Pero en mis años adolescentes de 1979-1980 el fin de la dictadura ni siquiera aparecía en mi horizonte de expectativas. No es que tuviera la desesperanzadora imagen de un gobierno autoritario de décadas como el franquismo, ni que aguardara cierta suma de años de acuerdo con los distintos proyectos en pugna al interior de las fuerzas armadas y en sus entornos derechistas. Es que directamente no imaginaba un futuro distinto de esa etapa en la que ya se había cumplido el exterminio planificado de opositores y se seguían adoptando rediseños institucionales, mientras vivíamos en un ambiente estudiantil que sabíamos constantemente vigilado, con la posibilidad de acceder a algunos productos culturales interesantes, participando de círculos que entendíamos “resistentes” como un cine club, discutiendo cuánto había de rupturista o de acomodaticio en publicaciones como PeloMADHumor Registrado o hasta El Expreso Imaginario y leyendo desde los clásicos del leninismo hasta la revista Mutantia. Probablemente encaraba –estimo hoy– una cierta noción de tarea de largo aliento de disidencias y construcciones microsociales en el entorno de agrupaciones no prohibidas como el Partido Comunista o el Frente de Izquierda Popular.

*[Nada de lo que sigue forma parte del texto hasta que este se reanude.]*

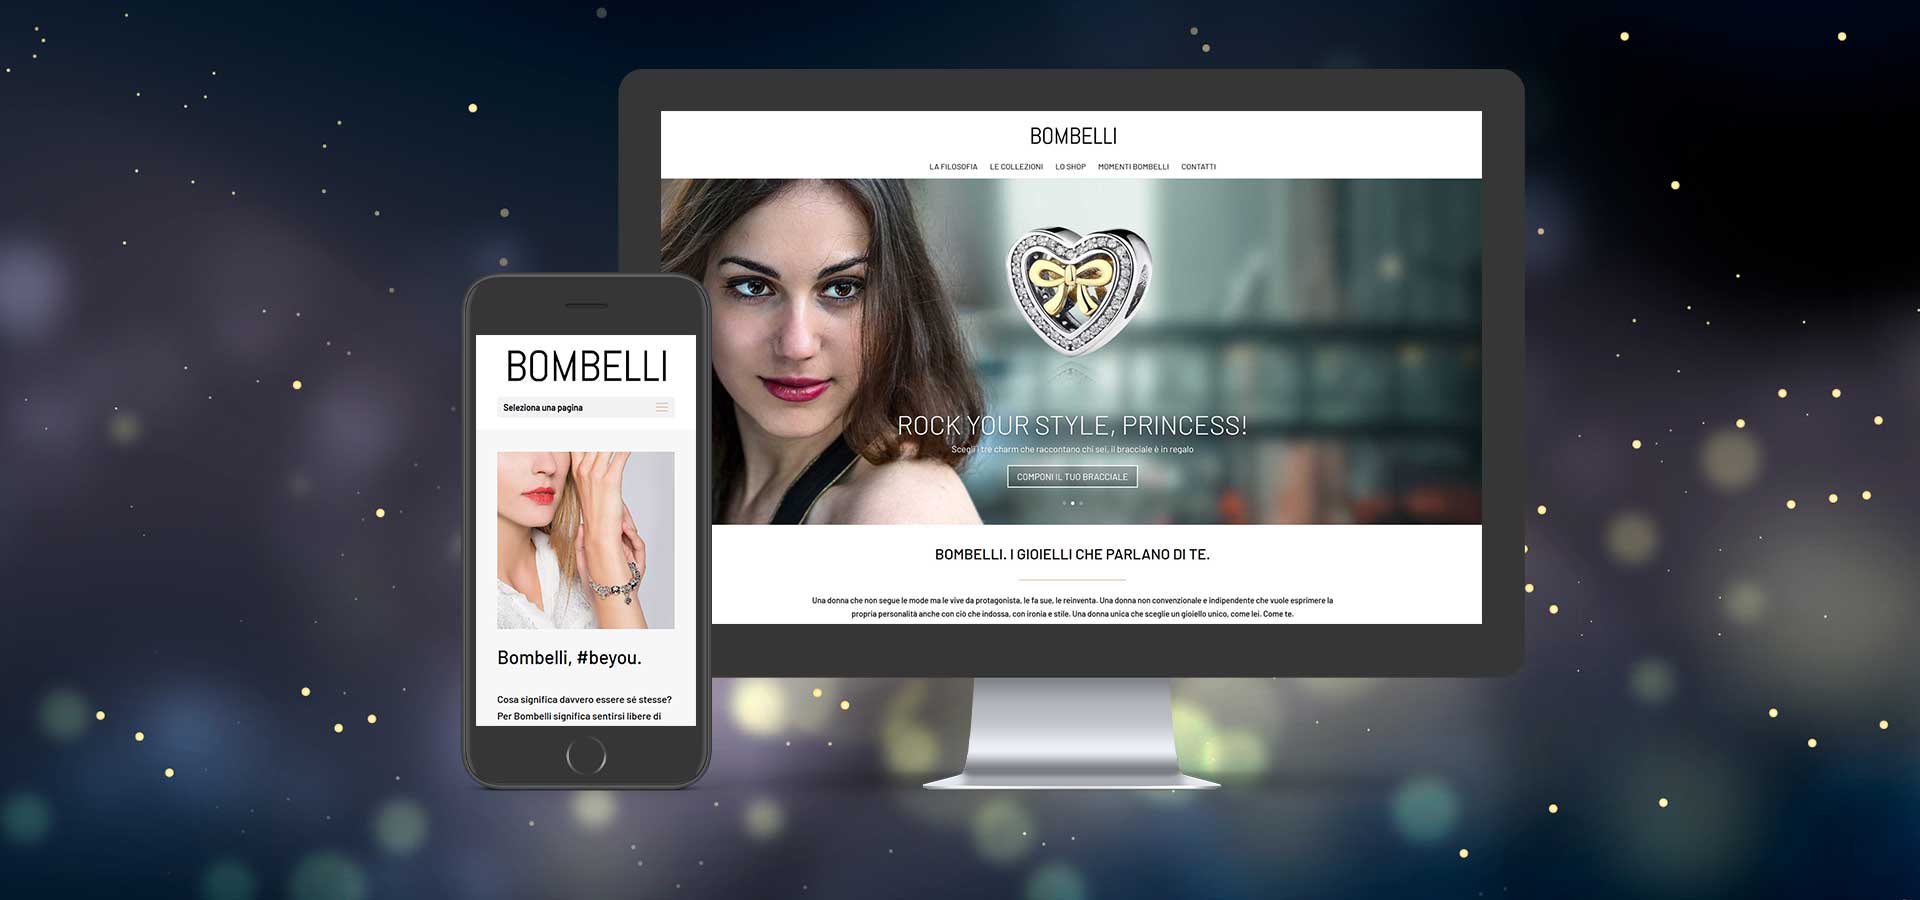 Realizzazione siti web mobile first ux design Bombelli Gioielli Unique

A la distancia, la participación en grupos de lectura sobre Freud en la casa de un exprisionero político, el estudio de rudimentos de cine en la de alguien que había pasado por un clausurado Instituto de Cinematografía de la universidad a la que yo comenzaba a asistir, o la edición de fanzines que trataban de colar alguna crítica y al tiempo no espantar a los posibles lectores –bastante más conservadores y temerosos que lo que cabría esperar de su edad–, aparecen a la vez como intentos limitados de autonomía y como actividades esenciales para la formación política de cara a la apertura democrática. Porque la Revolución, aquella que de niño había comenzado a vislumbrar en las noticias y en las conversaciones familiares, ya se había corrido completamente del foco.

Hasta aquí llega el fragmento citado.